CHANDIGARH
Less than 1% of adult malignancies are sarcomas, which are uncommon malignant or cancerous tumours. Blood arteries, nerves, muscles, and the tissues that surround bones and joints all contribute to its development in connective tissues and bones. Although it may affect anybody, those between the ages of 40 and 50 are more likely to experience it. The location and size of the tumour affect the sarcoma’s symptoms.
They often start as swelling in the affected extremity, which at first is usually painless before growing larger.
The oncologist states that as they frequently move to distant places, most often the lungs, and typically appear in advanced stages, pertinent examinations are needed before treatment planning.
RISK FACTORS
The risk factors for sarcomas are poorly understood, however they may include a number of genetic disorders including neurofibromatosis (NF1), also known as Von Recklinghausen’s disease, Li-Fraumeni syndrome (LFS), and retinoblastoma, which predispose for the development of this lethal illness (Rb).

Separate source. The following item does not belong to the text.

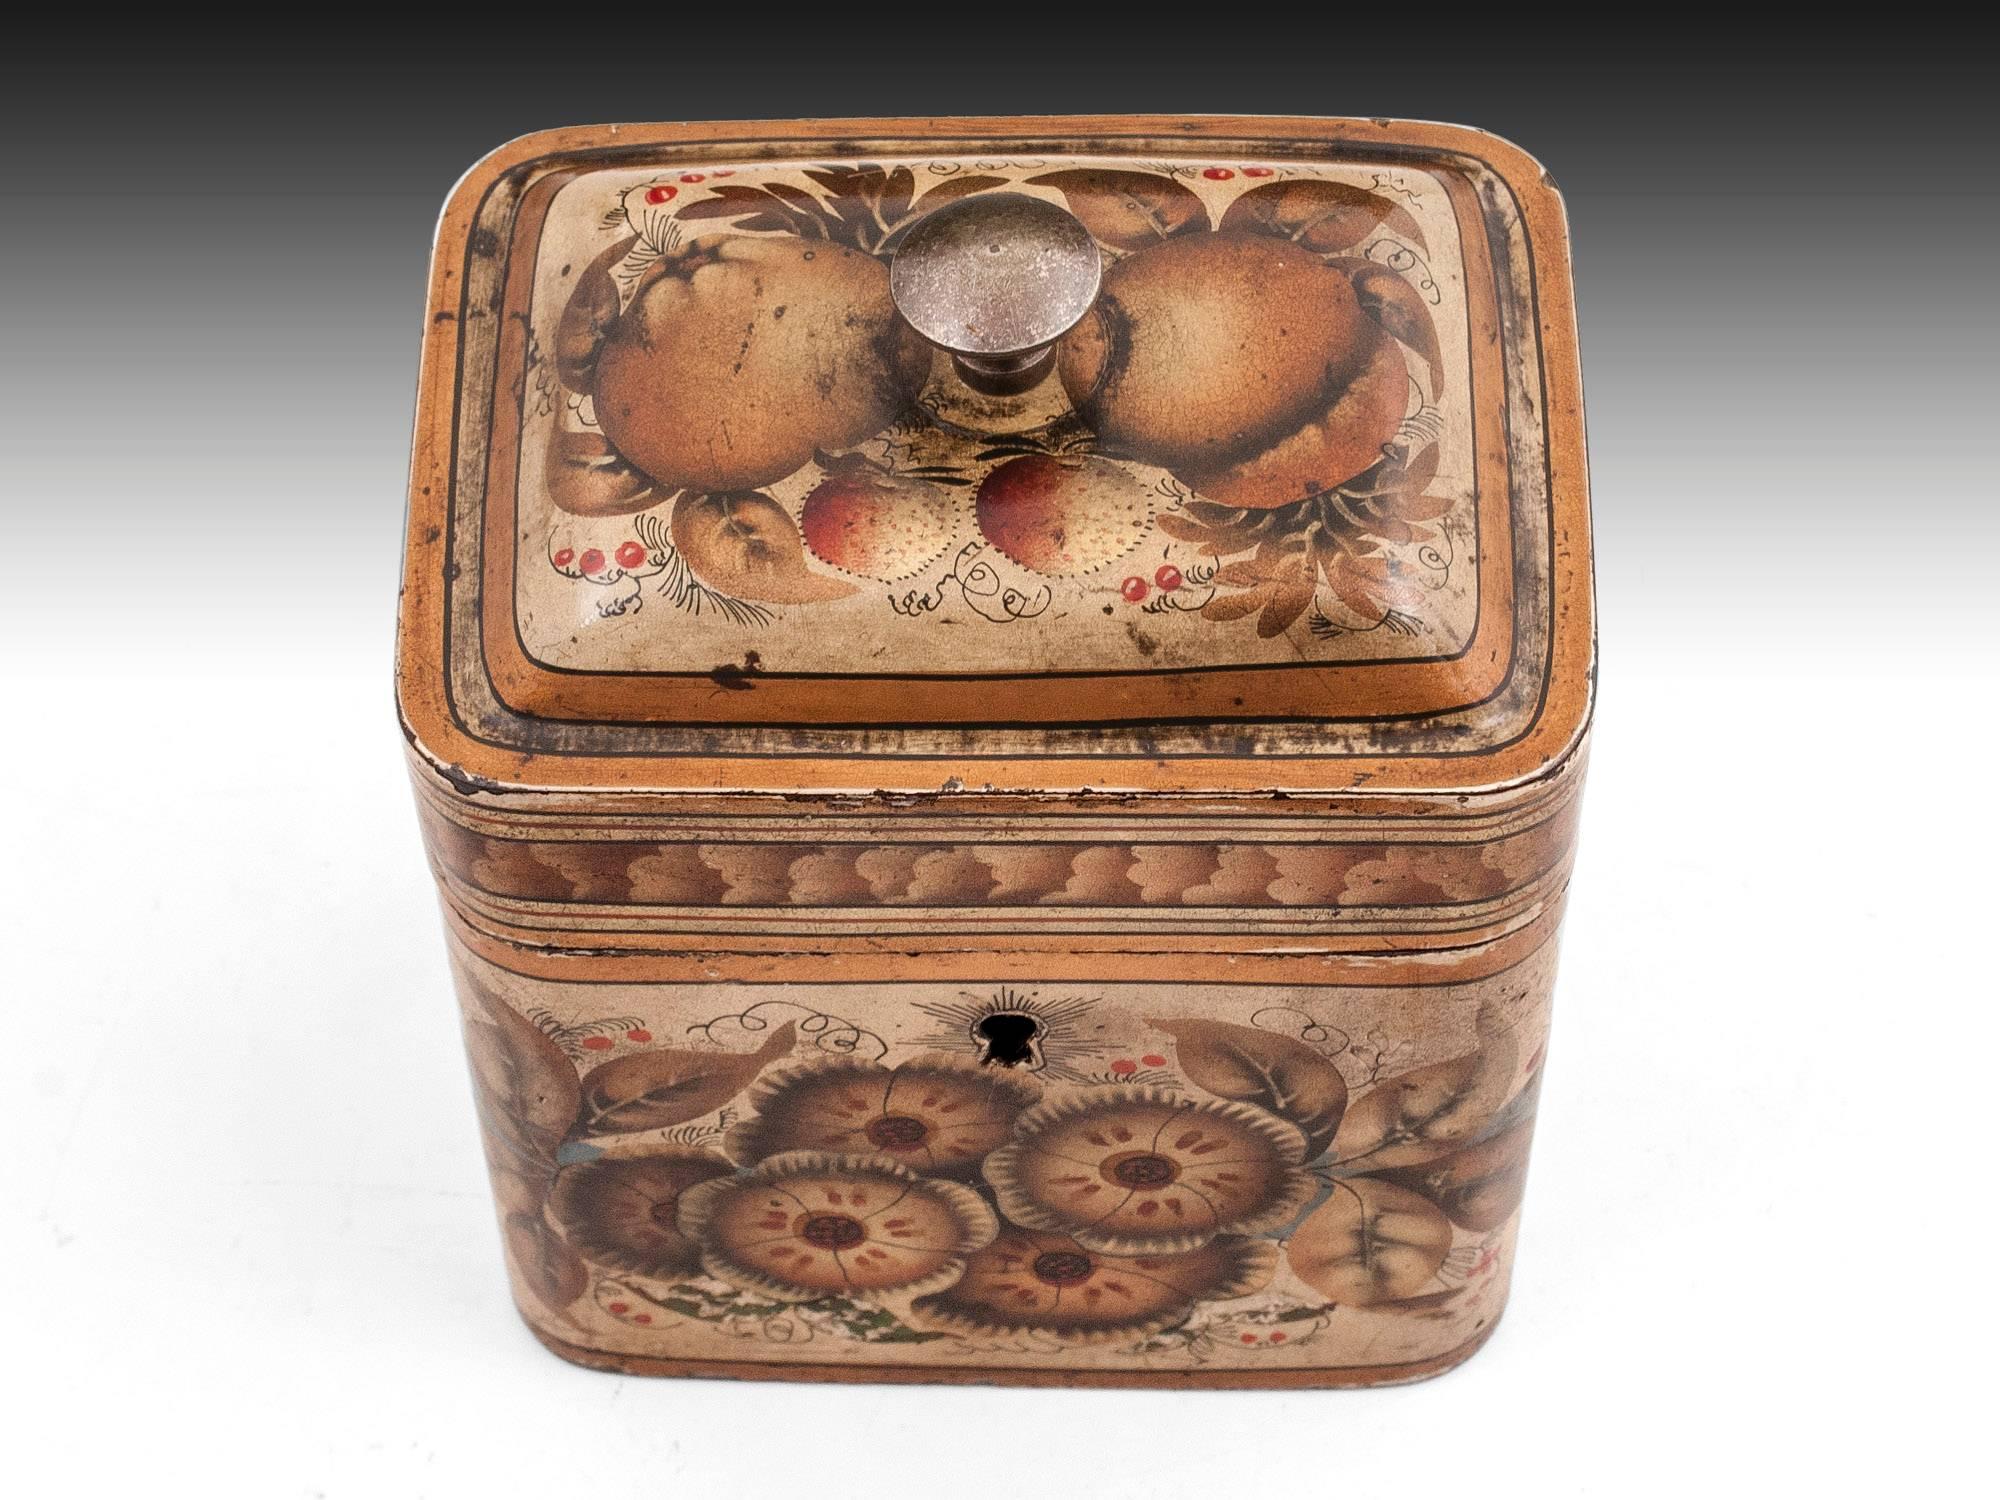 (This tea caddy is currently on display at  “A Tea Journey: from Mountain to the Table” at Compton Verney until the 22nd september.)
Toleware Tea caddy decorated with beautiful floral designs with blue ribboned swags and bold stripes of gold, black

“Kaposi sarcoma, in particular, is most likely to develop in adults with AIDS.
TREATMENT
“A multidisciplinary team, including among others a surgical oncologist, radiation oncologist, medical oncologist, radiologist, pathologist, psychologist, and geneticist, must be involved in the care of sarcoma. Surgery, chemotherapy, and radiation therapy are available as forms of treatment, with the order of these based on the disease’s stage. If the signs are not ignored and early help is sought in a facility with experience with this group of neoplasms, the sarcoma can be handled, expert says.